Just because Mr Market is saying that companies are the same doesn’t make it so.

In terms of balance sheets, both TUI and Autogrill, are raising additional equity: Autogrill is raising EUR600 million, EUR150 million more than the cash it has burned as it sees opportunities to invest for growth. TUI has raised EUR500 million from shareholders and EU420 million from the German government. However, this is only a fraction of the more-than EUR3.5 billion of cash it has burned. Fraport remains over-levered.

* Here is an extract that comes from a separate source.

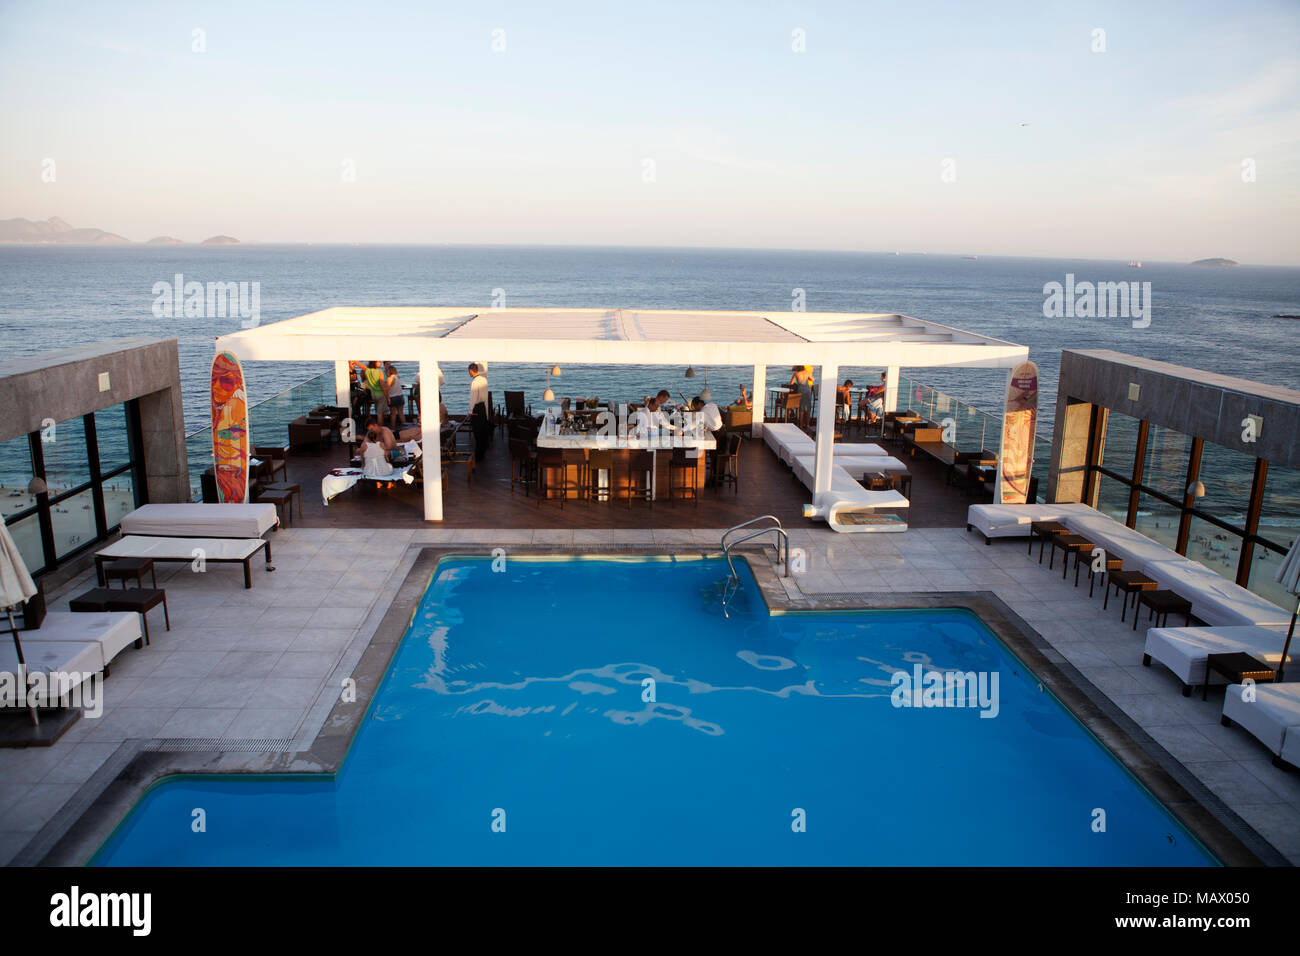 Assunto: Vista da piscina ¿hotel Pestana na Praia de Copacabana Data: 15/02/13 Local: Rio de Janeiro, RJ Autor: Eduardo Zappia Foto de stock

As such, we see Autogrill exiting the pandemic earlier than peers with a strong balance sheet and ready for growth for a discounted price. On the other hand, we see both Fraport and TUI with overleveraged balance sheets in need of fixing, significant structural challenges and at higher stock prices than before the pandemic.

Conclusion

The market is viewing the travel and leisure sector through a simple lens, mostly by focusing on share price moves since the start of the pandemic. However, we believe this ignores the challenges each company has faced, how they’ve managed through the pandemic and how bright their futures look in the long term. Just because Mr Market is saying that companies are the same doesn’t make it so.